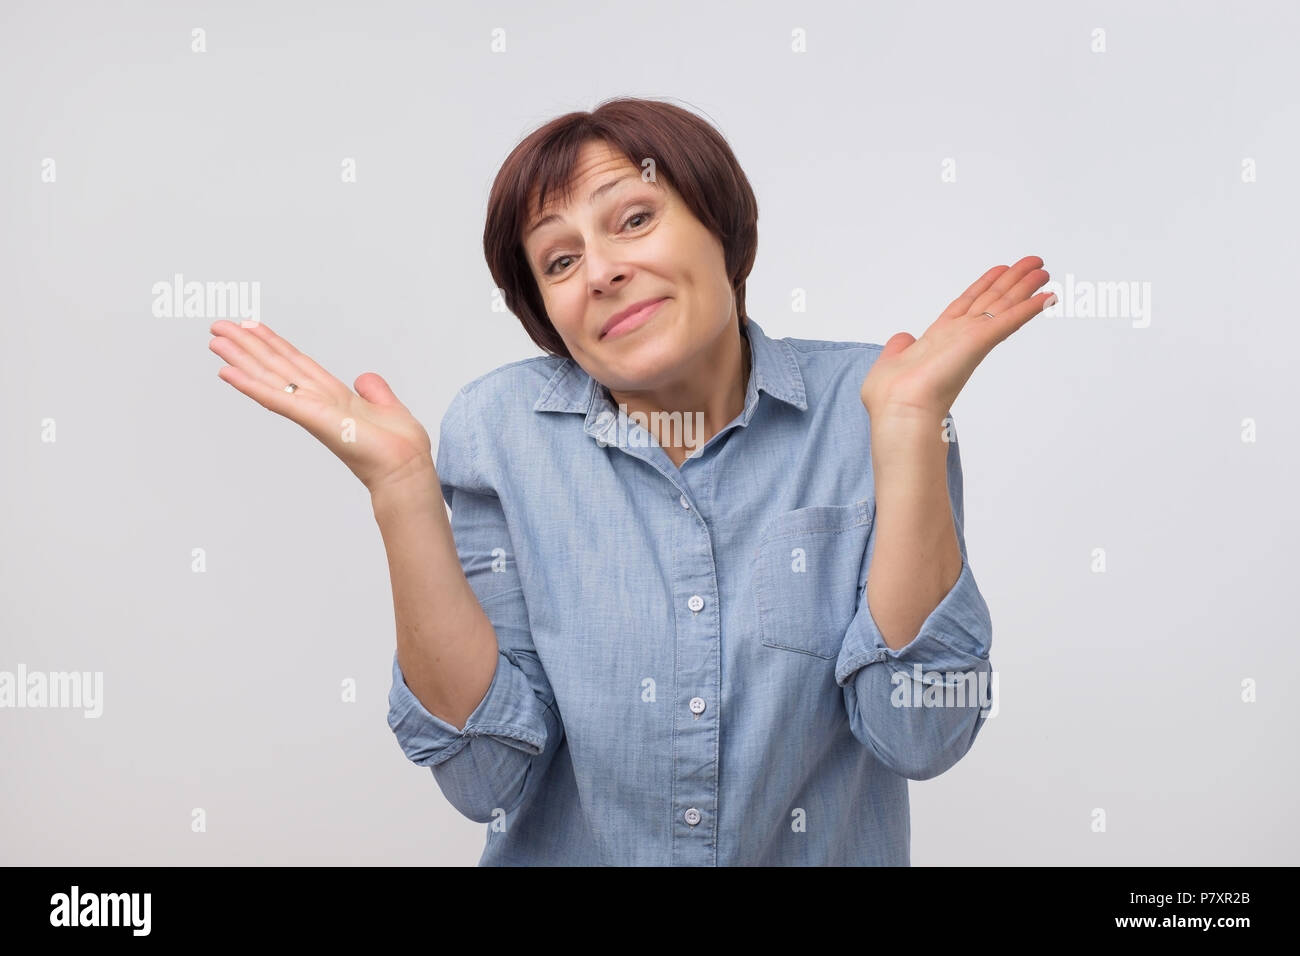 Zuckend reife Frau im Zweifel an Kamera suchen Stockbild
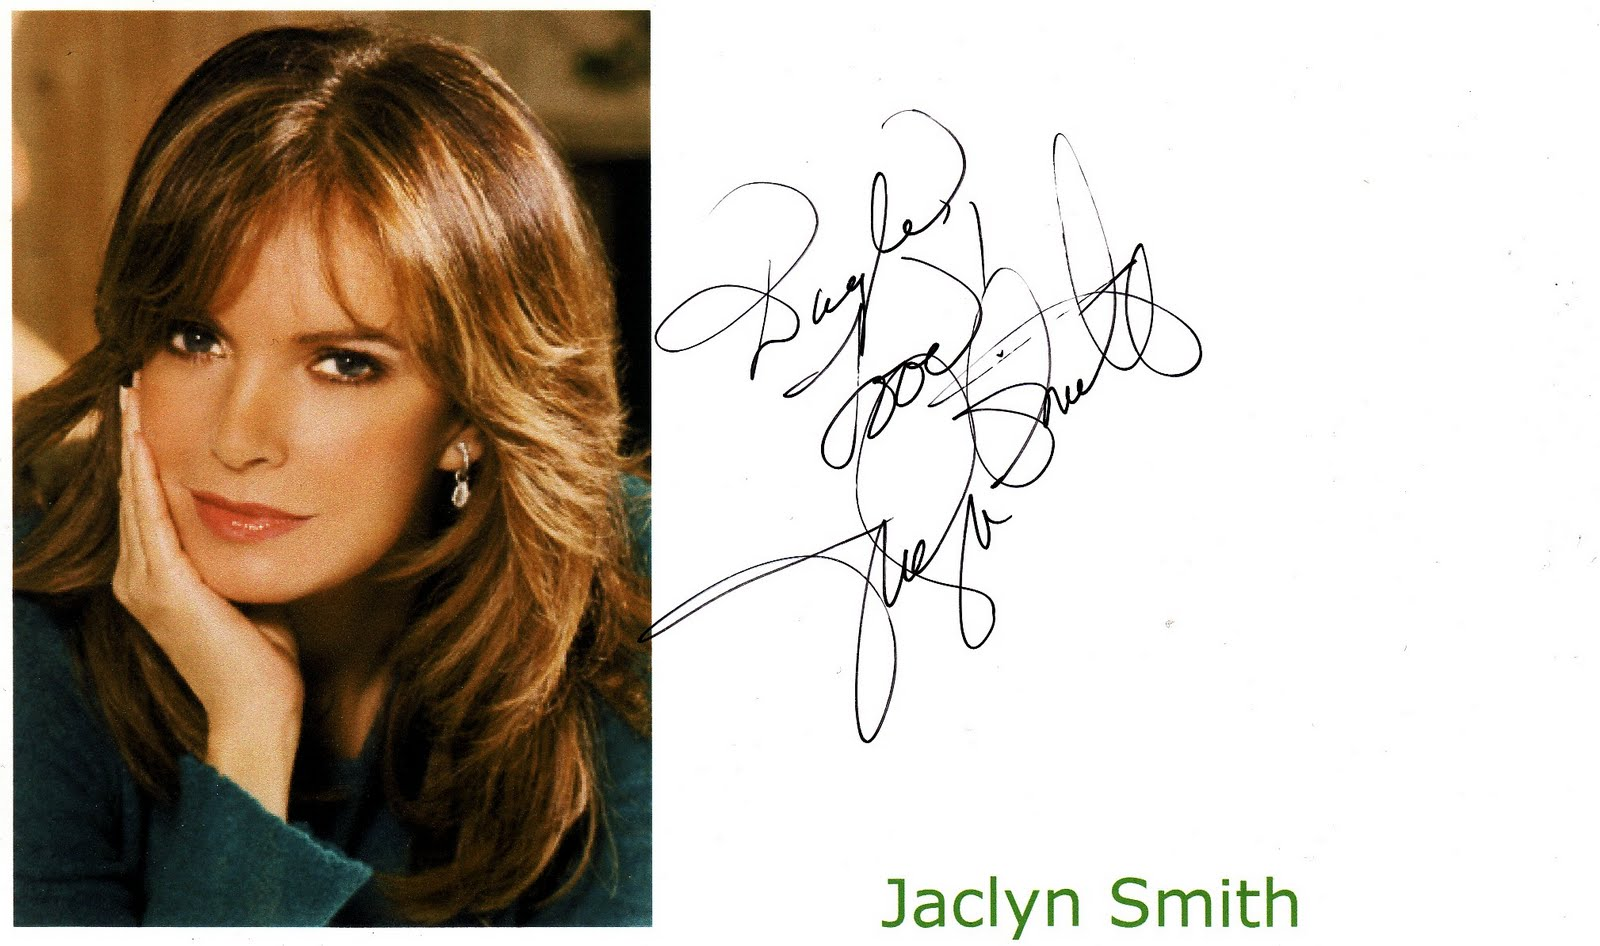 http://3.bp.blogspot.com/_hR6CjJzjzBA/S-WjnxpUiNI/AAAAAAAABj0/sOdDjrqKaDs/s1600/JaclynSmith.jpg
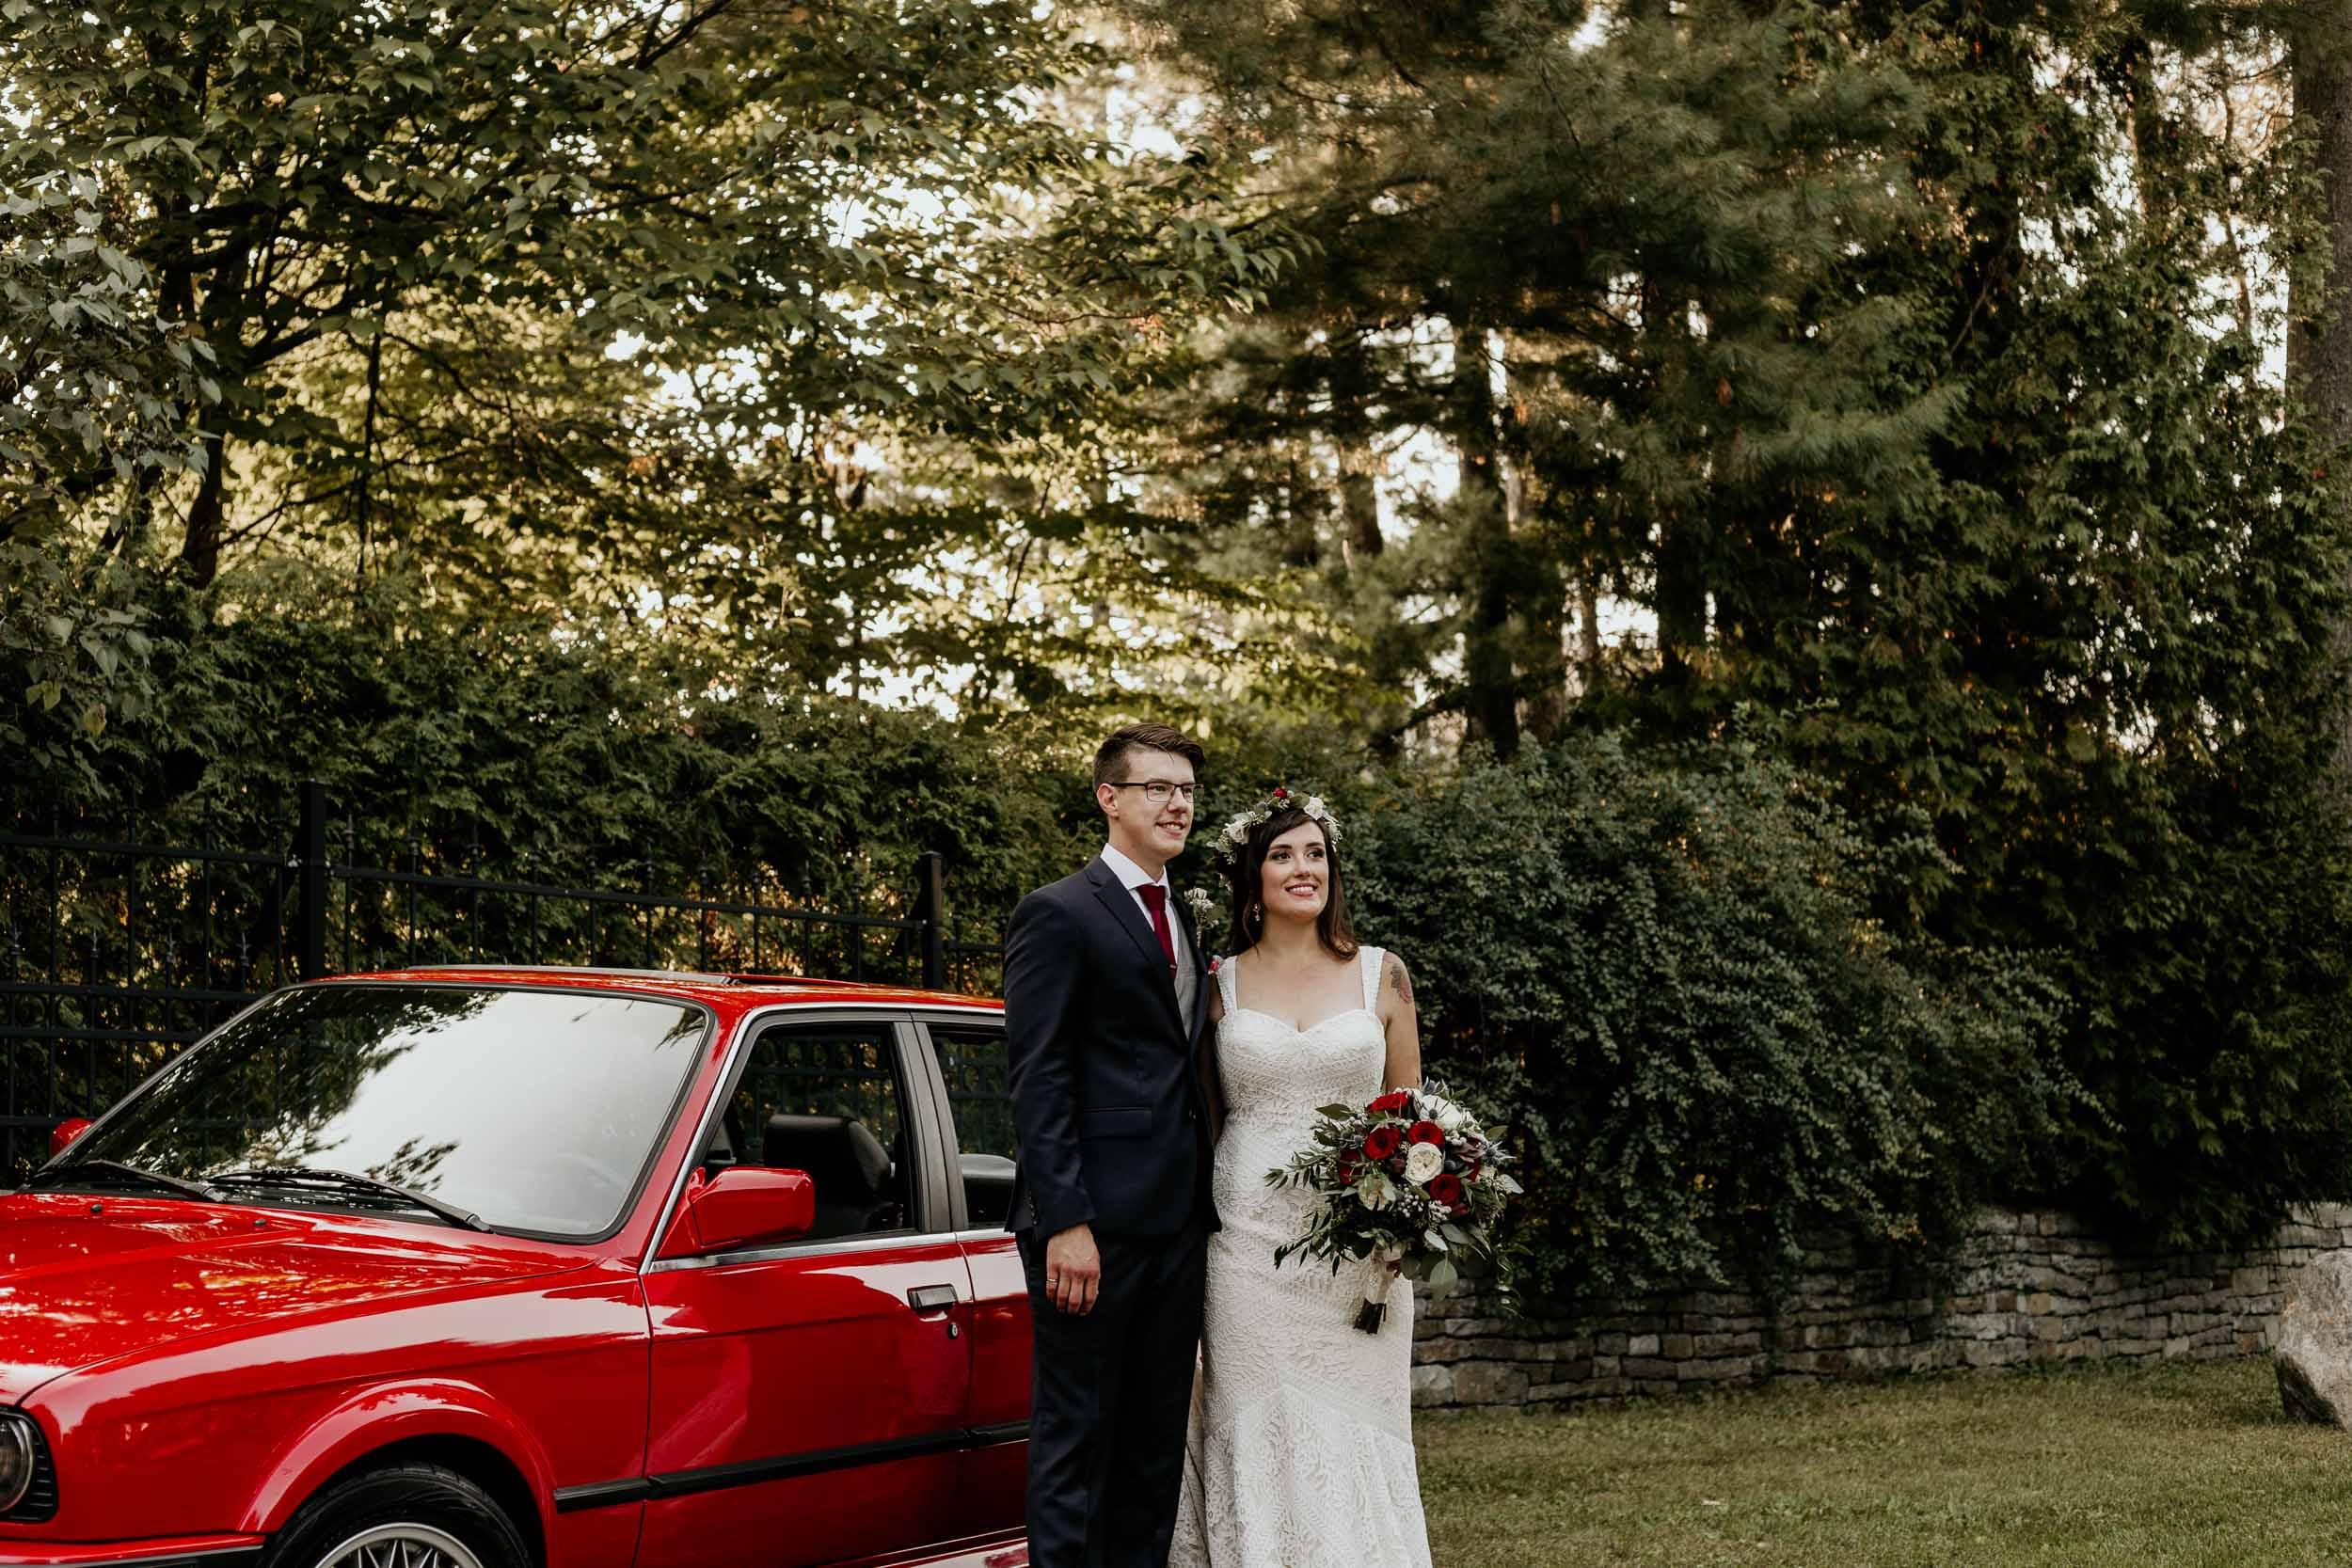 intimate-wedding-elopement-photographer-ottawa-toronto-8138.jpg

• Problem details
An exact reproduction of the data above is required, with every picture removed.

• Task answer
 Zuckend reife Frau im Zweifel an Kamera suchen Stockbild
 http://3.bp.blogspot.com/_hR6CjJzjzBA/S-WjnxpUiNI/AAAAAAAABj0/sOdDjrqKaDs/s1600/JaclynSmith.jpg
 intimate-wedding-elopement-photographer-ottawa-toronto-8138.jpg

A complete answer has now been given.